• Prompt: Every line of the listing is returned unchanged, and every picture is dropped.

• Data segment:
════════════════════

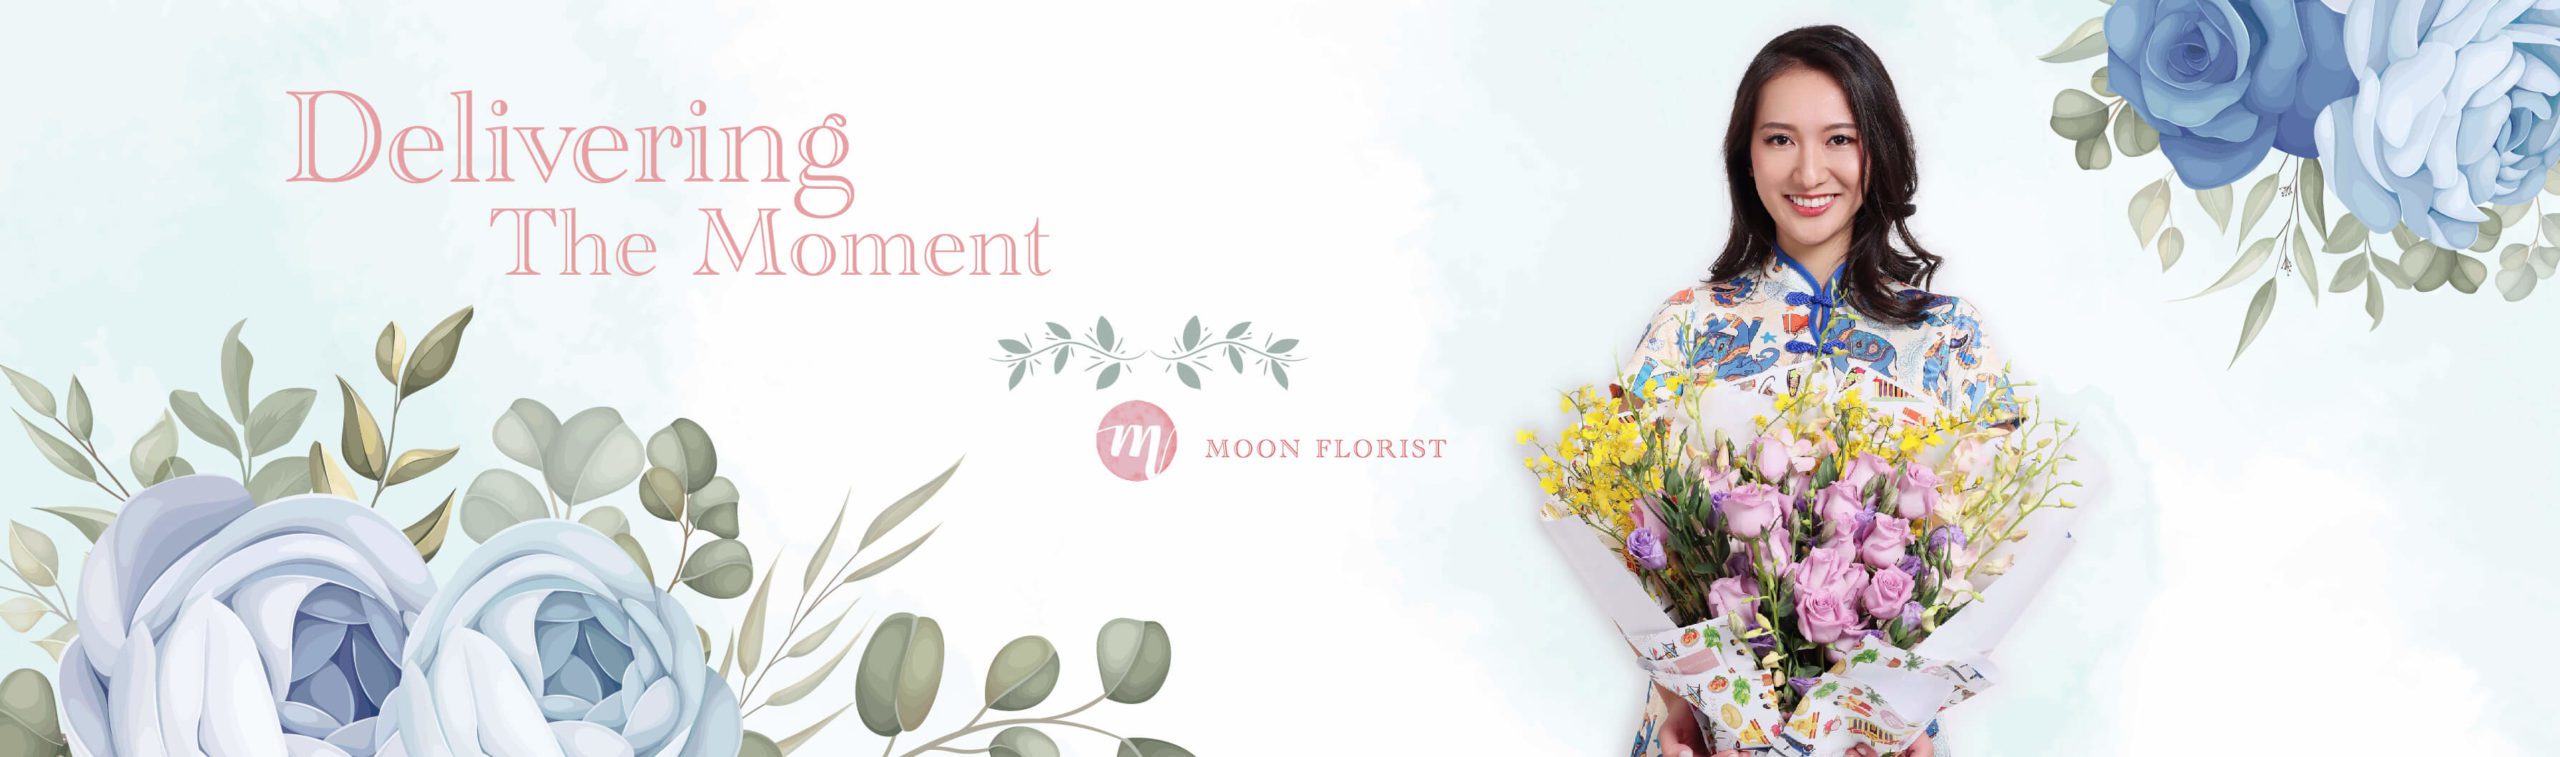 買花, 網上買花, Moon Florist -model banner01
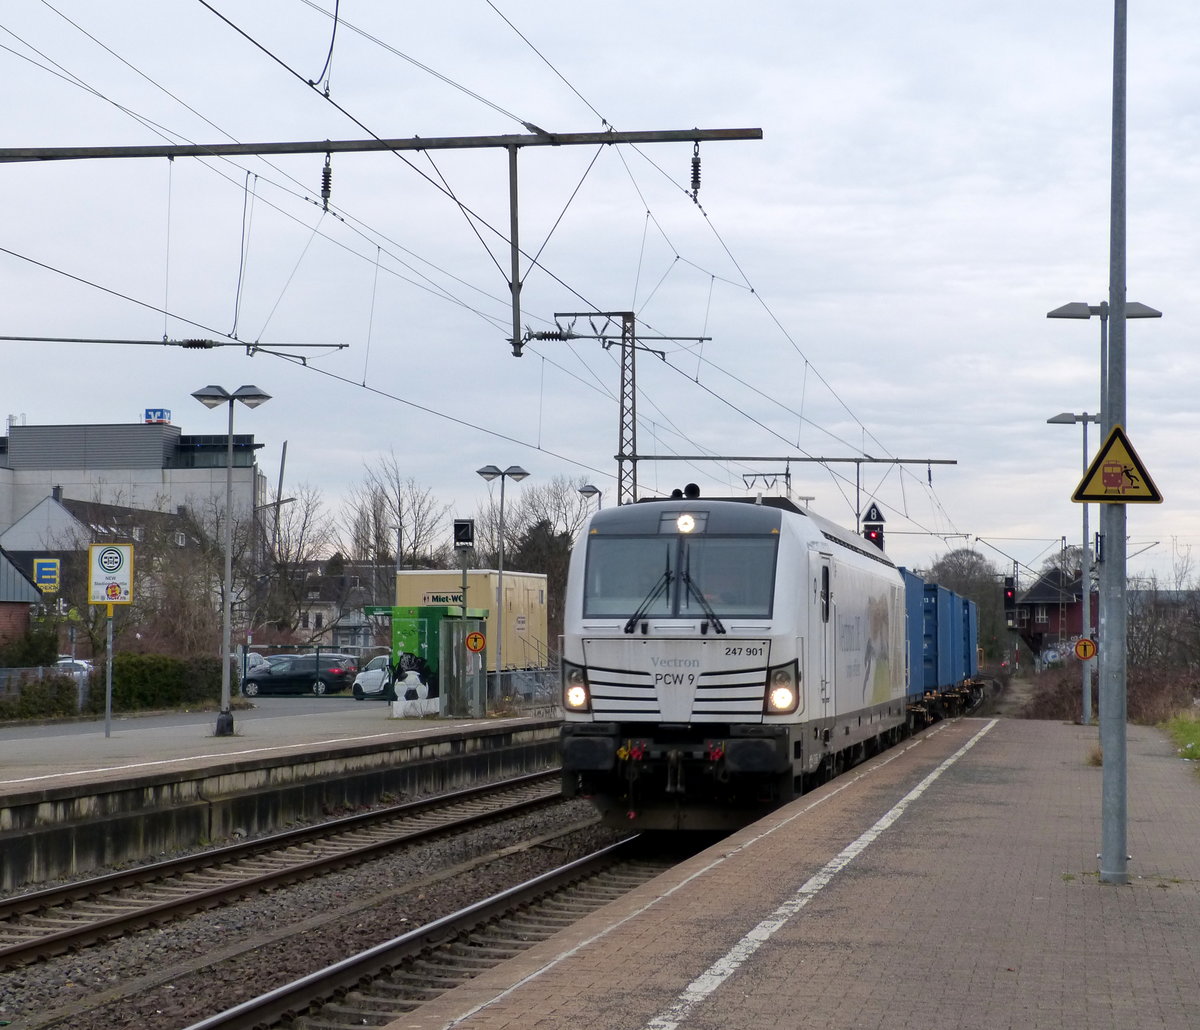 247 901 von Siemens kommt mit zwei Containerwargen aus Krefeld-Uerdingen(D) nach Wegberg-Wildenrath(D) und kommt aus Richtung Mönchengladbach-Hbf, und fährt durch Rheydt-Hbf in Richtung Wegberg-Wildenrath.
Aufgenommen vom Bahnsteig 3 in Rheydt-Hbf. 
Bei Sonne und Regenwolken am Nachmittag vom 15.3.2018.

════════════════════

• Problem solution:
 買花, 網上買花, Moon Florist -model banner01
 247 901 von Siemens kommt mit zwei Containerwargen aus Krefeld-Uerdingen(D) nach Wegberg-Wildenrath(D) und kommt aus Richtung Mönchengladbach-Hbf, und fährt durch Rheydt-Hbf in Richtung Wegberg-Wildenrath.
Aufgenommen vom Bahnsteig 3 in Rheydt-Hbf. 
Bei Sonne und Regenwolken am Nachmittag vom 15.3.2018.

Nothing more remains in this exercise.